Mrs. Barb laughed and shook her head. “Absolutely not, that boy doesn’t know what’s best for him. You’re a mom, Brooke, so I would expect you already figured this out. Children need to be guided toward what’s best for them, and men cannot be told what to do. But if you can get them to think it’s their idea”—she clapped her hands—“then you still get what you want.”
May laughed.
“Mrs. Barb, I just don’t want you to be disappointed when Dalton packs his things and heads back to Virginia,” Brooke said.
“He isn’t going back there, honey. There’s no job, no house, no true love. There’s nothing there for him.”
“True love?” Brooke asked. May set a bag with her oatmeal and fruit in front of her, but Brooke couldn’t walk away. She had to know what Dalton’s gran was plotting.
“Yes. Once Dalton falls in love here in Sandy Point, he’ll never want to leave. He’ll realize everything he was ever out there looking for was here all along.”
Brooke sighed.
“Well then, you just have to get him to fall in love,” May said.
“Exactly! Now I also need a favor from you Garcia girls.”
May set a coffee mug topped with foam in the shape of a crown in front of Mrs. Hart, then leaned forward and rested her chin on her hands. “Yes, ma’am, what can we do for you?”
“I need more volunteers to work the booths at the Summer Solstice. Can I count on you both?”
“No thank you, last time you stuck me in the kissing booth!” Brooke said, grabbing her bag.
“If I promise you won’t have to kiss anyone?” Mrs. Hart said.
Brooke looked at her watch. “Alright, I’ll help. I just need to be done by eight to get Max in bed at a decent time.”
“Deal.” Then she set her eyes on May.
“Of course I’ll be there, and I’m not so picky about the kissing booth.”
“May,” Brooke warned.
“Well, how else am I going to get through all these toads?”
“I’m off to work, have a good one,” Brooke said to Mrs. Hart and May.
“Can you remind my grandson he’ll be working the kissing booth if he doesn’t help me finish a special booth stand this week?” Mrs. Hart asked.
“Oh, um, sure. Bye!”
Brooke caught her sister’s and Mrs. Hart’s matching mischievous smiles in the reflection of a mirror on the wall as she walked away, but she didn’t think she wanted to know what they were conspiring about.
She would have been happy to pass Mrs. Hart’s message on to Dalton, but she was avoiding him. The more she wanted to be near him the harder it was to resist, but she knew it would only end in disaster. And she didn’t need the drama. Tyler had been ordered to pay her back child support based on his earnings, with interest, by the end of the month. But she wasn’t yet sure she wanted to fight for the trust, even if it was Max’s family, his legacy. That kind of money could change a person and the entire trajectory of his life—if the Banks family didn’t find some loophole to cut Max out of the trust. So she’d asked Declan to wait to file the documents.

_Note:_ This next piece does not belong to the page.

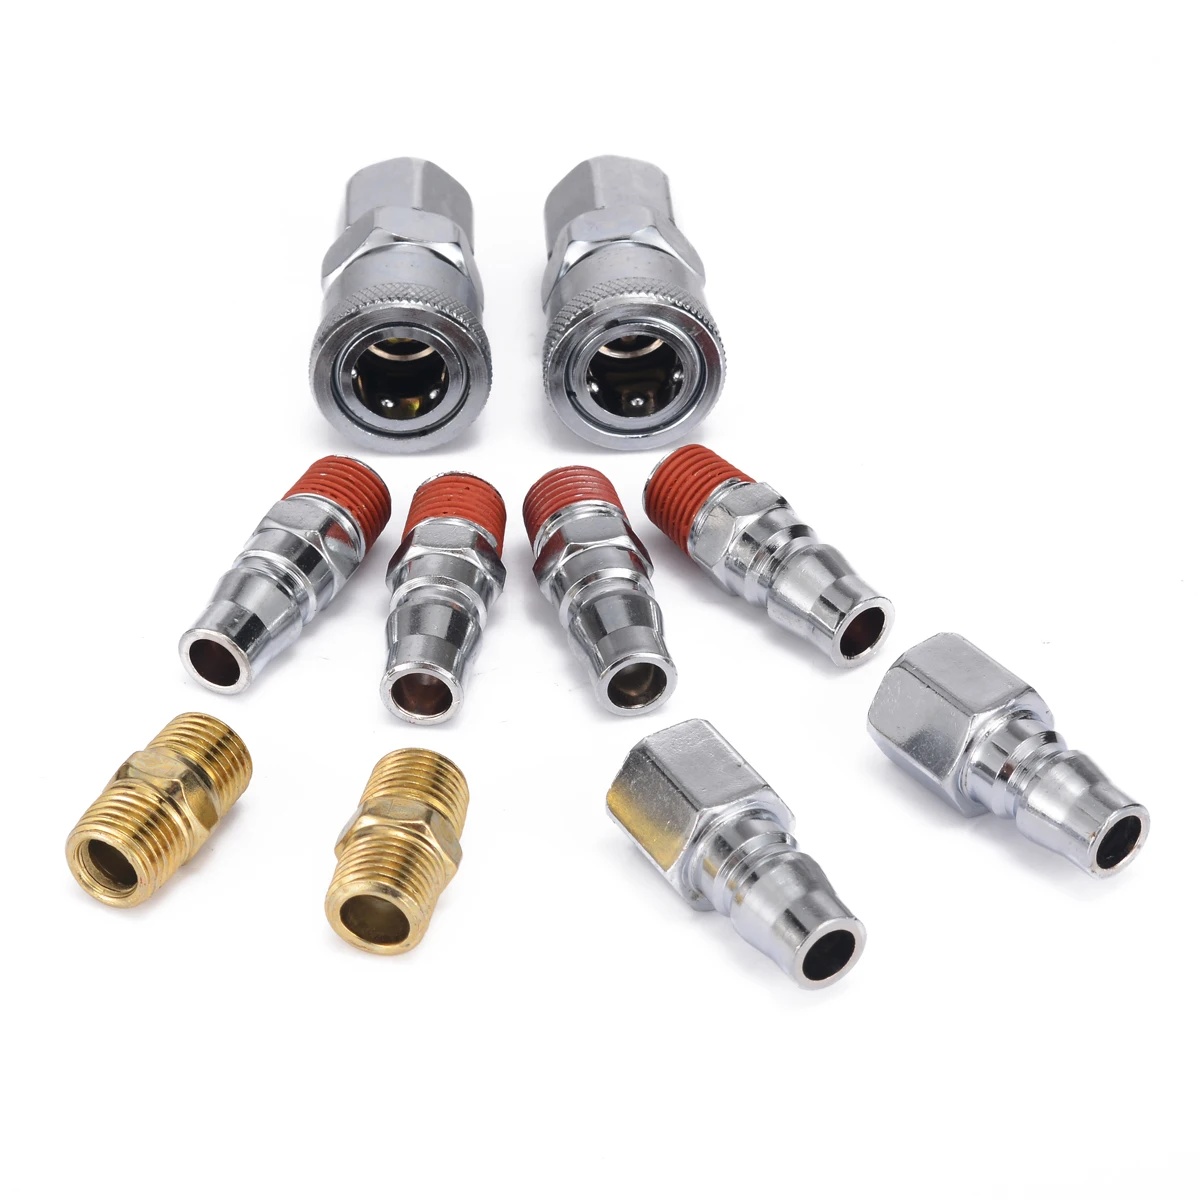 Quick Connect Air Hose Fitting Stainless Steel Air Chief Industrial Interchange High Flow Safety Air Plug 10PCS 1/4 NPT M Style Plugs

“Brooke, did you hear me?”
Her head popped up from her desk to find Dalton standing in the doorway with blue scrubs on that made his eyes almost glow.
“No, sorry. What did you say?”
“I said with Dr. Jones being out all week, did you need me to take on any longer shifts? Won’t Tommy and I need to split the days?”
“We’ll do a modified shift with on-call hours for you both. The nurses can usually handle most of the traffic we’ll get in those hours, but it’s always good to have you on standby.”
“Gotcha.” He held up his phone to look at the schedule. “So the stars are the days we’re on call?”
“You got it.” She was sitting behind her desk, but it didn’t seem far enough to not smell his manly, sweet scent.